Ci sarebbe di che essere contenti. Eppure, quando gli si chiede conto dell’atto di generosità di D’Urso, i coniugi Bertinotti – che un tempo venivano criticati da sinistra proprio per le frequentazioni di quei salotti in cui l’avvocato era protagonista assoluto – provano a trincerarsi dietro un cupo silenzio. «Non posso parlare, sto guidando», esordisce la signora Lella. «E non può parlare neanche mio marito, sta guidando anche lui», aggiunge. I cinquecentomila euro lasciati dall’amico D’Urso? «Non parlo di un’eredità che è soltanto virtuale». Virtuale? «Si fidi di me, virtuale.

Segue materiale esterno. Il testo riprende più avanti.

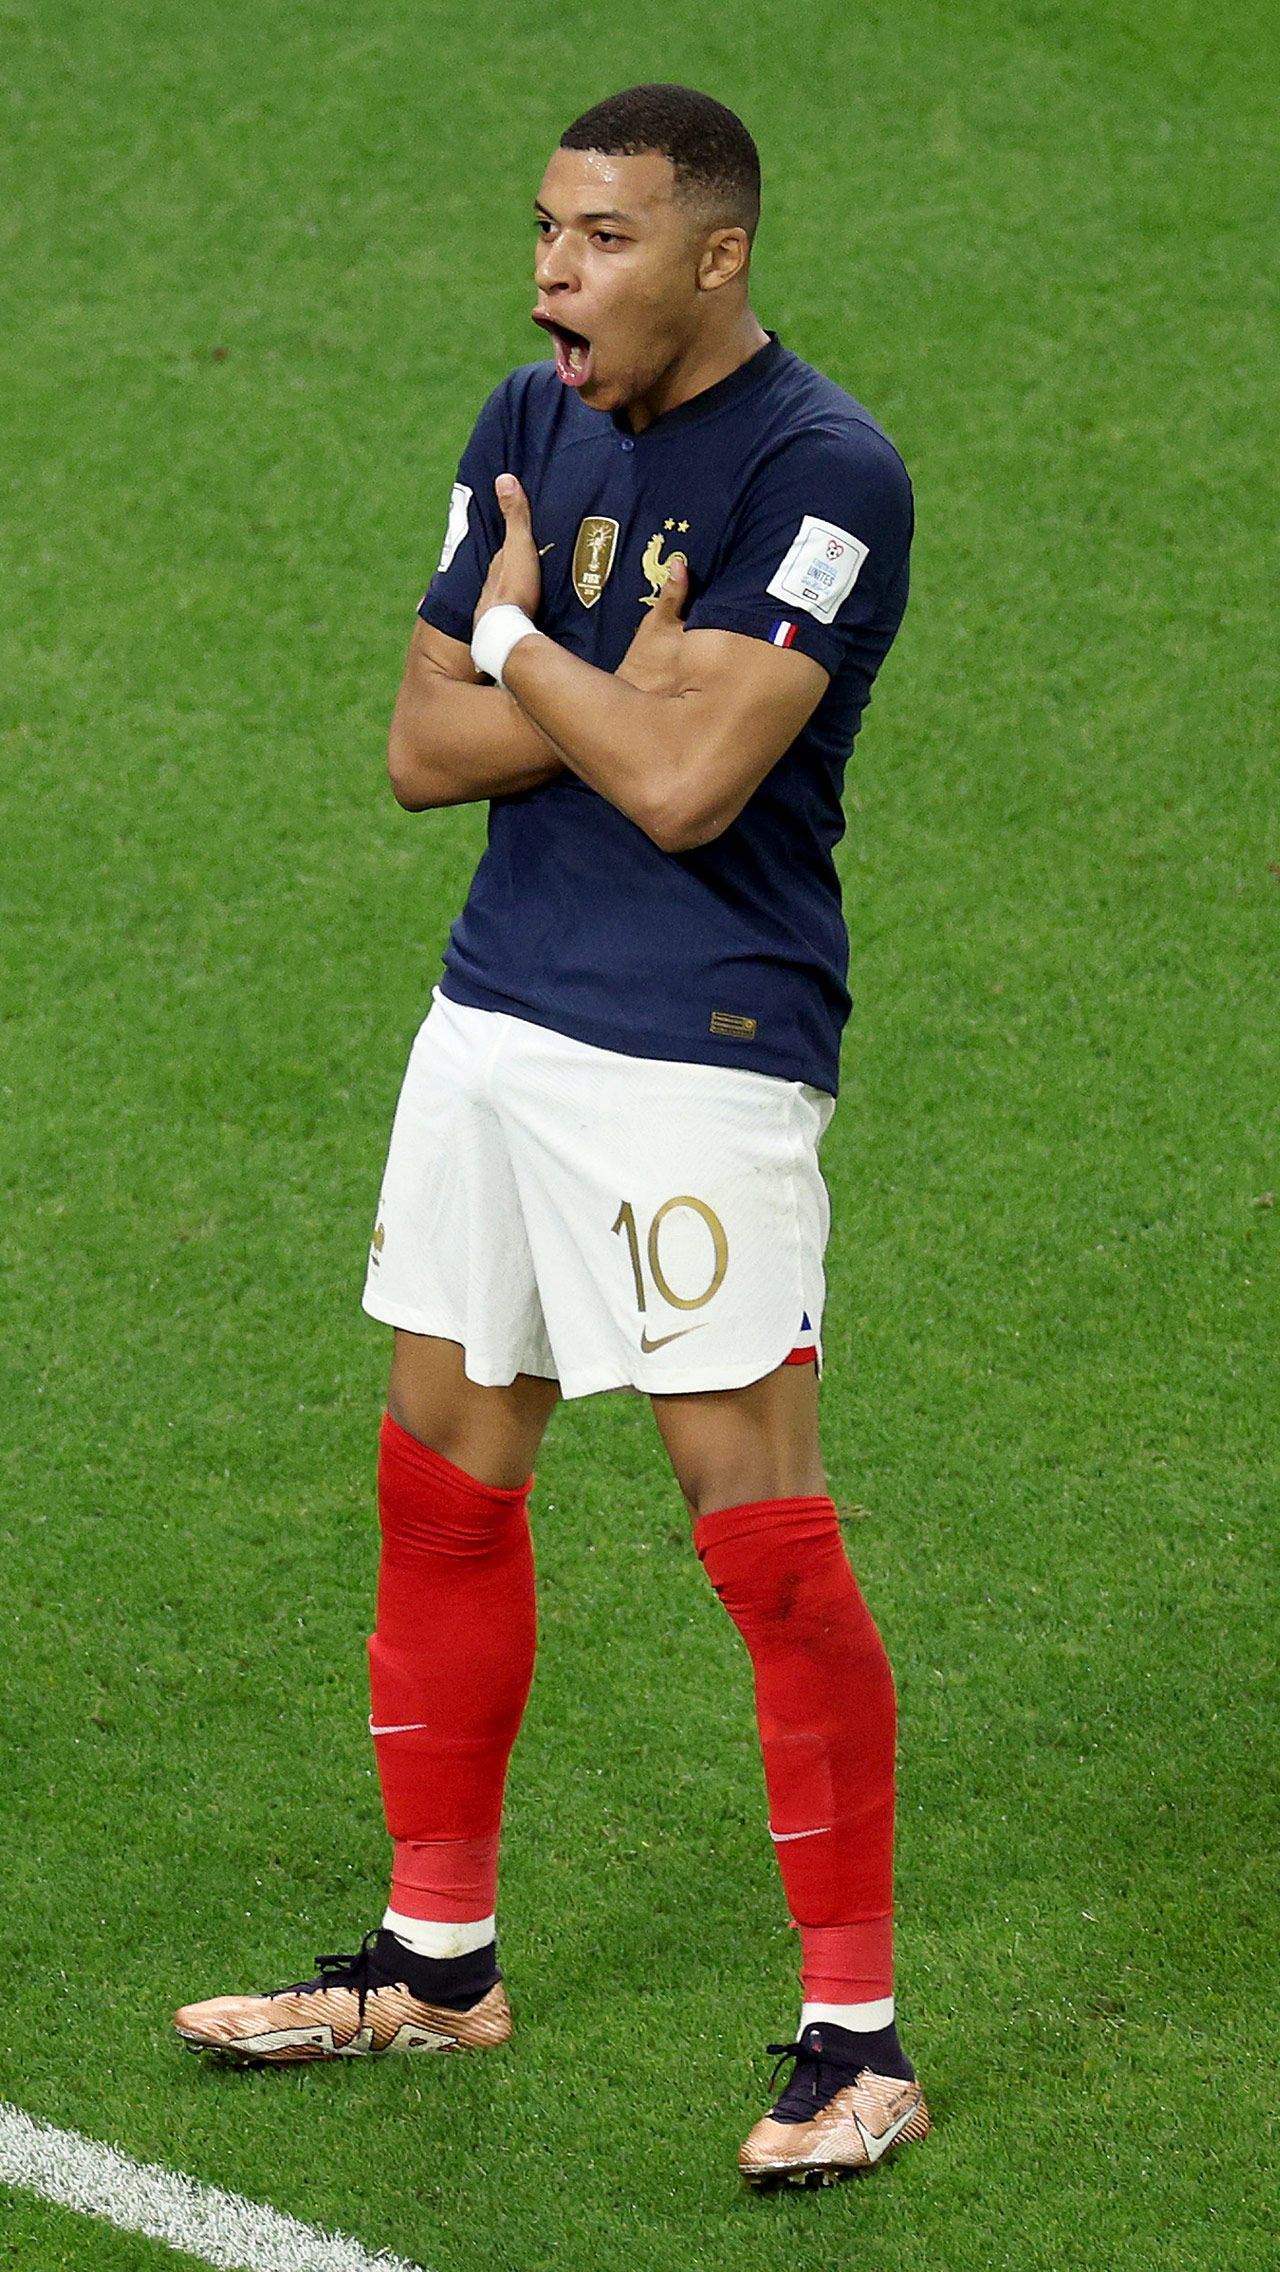 В 1/8 финала сборная Франции без шансов одолела польскую команду. Два из трёх голов забил как раз таки Мбаппе. Теперь в его активе девять мячей на мировых первенствах.

E adesso la saluto».
 
Bertinotti, che le siede accanto, accetta di sottoporsi a una conversazione che dura non più di venti secondi. «L’aggettivo “virtuale” riferito al lascito di D’Urso l’ha detto mia moglie, non io. Io non dico niente», spiega con voce comunque cortese l’ex leader di Rifondazione Comunista. Quanto a D’Urso, «di lui ho parlato in passato e di lui tornerò a parlare in futuro. Ma non in relazione a questa faccenda». Clic .
 
Davvero i cinquecentomila euro lasciati da D’Urso a Bertinotti sono «virtuali», come sostiene la moglie dell’ex presidente della Camera? Difficile dirlo. A indagare sul testamento, infatti, spunta una verità dal sapore agrodolce. Come spiegano alcuni amici e familiari dell’avvocato morto quasi due mesi fa, infatti, la strada che separa gli eredi dall’eredità è piuttosto dissestata. Perché la ricognizione dei conti correnti di D’Urso, che sono sparsi per il mondo e di cui forse nemmeno D’Urso conosceva la consistenza, comincerà non prima di settembre (l’esecutore è il suo ex commercialista) e durerà non meno di un anno.
 
Se la somma trovata e decurtata da tasse e oneri vari sarà uguale o superiore a quella destinata agli eredi, i Bertinotti avranno i cinquecentomila euro. Se è inferiore, allora prenderanno una quota proporzionata al resto delle volontà espresse da D’Urso in vita. Nel frattempo, però, la cifra è «virtuale». Né più né meno di quello che sostiene la signora Bertinotti.
 
La discussa amicizia tra il politico comunista e l’avvocato che per un quarto di secolo sedette nel consiglio di amministrazione di una delle massime centrali del capitalismo mondiale, e cioè la banca d’affari Lehman Brothers, continua a far discutere. Diceva D’Urso di Bertinotti: «Con lui sto in silenzio e ascolto, ho tutto da apprendere». E mai silenzio, forse, fu più d’oro di questo. Soprattutto per quell’interlocutore che veniva da un mondo lontano dal suo. E che, del mondo, aveva un’altra visione.